Let's make Kim-Dilla!
- For an 8 inch tortilla, measure 1.5 cup of shredded cheese per one quesadilla. My basic recipe will make 2 quesadillas. Have the cheese and kimchi ready next to your stove.
- Heat a 10 inch or bigger nonstick frying pan on medium heat.
- Put a piece of tortilla on the pan. Add 1.5 cup of shredded cheese and spread it out. Then sprinkle about 2 Tbs of cooked kimchi evenly on the cheese.
- Cover the top with another piece of tortilla. Press it down with a spatula.
- Cook the Quesadilla for a total of 6-7 minutes on medium low heat. Turn it over a couple times to make sure it's browned evenly on both sides. When the cheese is fully melted, you will notice the middle area bubble up a bit and cheese oozing out. This is when you are done.
- Eat it right away so you can enjoy the ooey gooey cheese while it's hot!!
Equipment
- non-stick frying pan
Tips & Notes:
- Basic recipe makes 2 round 8 inch quesadillas and I considered 1/2 of a full quesadilla as 1 serving. Does not include nutrition facts for toppings.
- There are Low-Carb tortillas these days in addition to gluten free so you can try that if you want to reduce carbs.
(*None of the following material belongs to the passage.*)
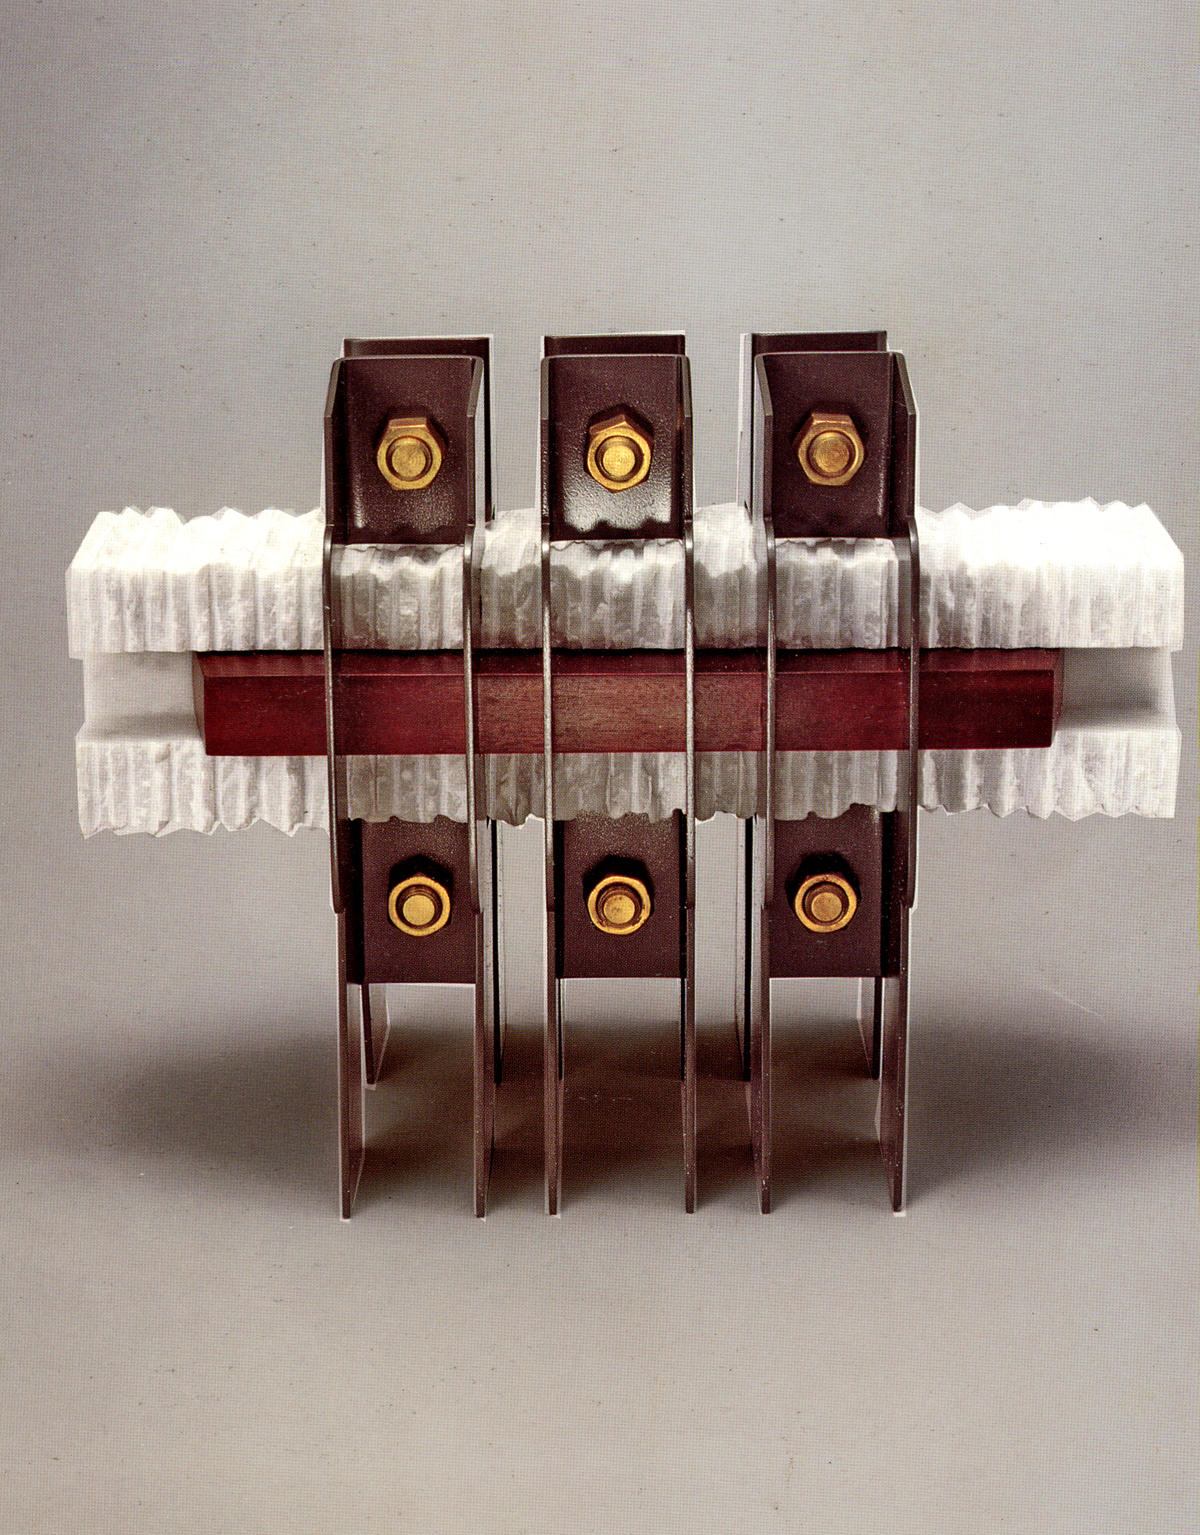 S/T. De la serie Sujetadores. 1997. Aluminio, mármol y madera

- Add cooked chicken for added protein
mariah says
SOOOO good! I cleaned out the fridge today and found a small jar of OLD kimchi. I remembered your FB post! I didn’t have the exact same ingredients as you, but the combo of kimchi + cheese + tortilla is AMAZING. Thanks! Your post & recipe stuck in my head. I will be making this often. … I used queso fresco because that’s all I had left over. Yummm. I’ll try the shredded mix next time.
JinJoo says
Hi Mariah, YAY!!! I’m so happy to hear that!! I’m sure queso fresco is just as good if not maybe even better – I didn’t want to use queso fresco in case some people may have a hard time getting it. Thank you so much!!
Sam says
I searched for a kimchi quesadilla recipe and glad I found yours. So good even though I didn’t have any gochujang.
JinJoo says
Fantastic!! Yes, gochujang can be left out. So happy to hear that it came out well for you.
Amy says
This was delicious! Thank you so much for sharing.
JinJoo says
I am very happy to thear that!! Thank you so much!
MJ says
I showed my daughter and she asked, “Can we put bacon in it?” Why yes…yes, we can.
JinJoo says
Of course!! Bacon goes wonderfully well with kimchi!! I like to have it with just rice and kimchi. Enjoy!
Ruru says
I love your recipes. I bought thinking a lot of doenjang thinking it was chunjang. I even promised my friend I’ll cook jjajjangmen for them. Help me. And in my country there I can’t find chunjang.
JinJoo says
HI Ruru, so I think you are saying you can’t buy chunjang where you live but you still want to make Jjajangmyeon? I’m so sorry but there’s really way to make it without chunjang. Maybe you can try to buy it online with international shipping? Good luck!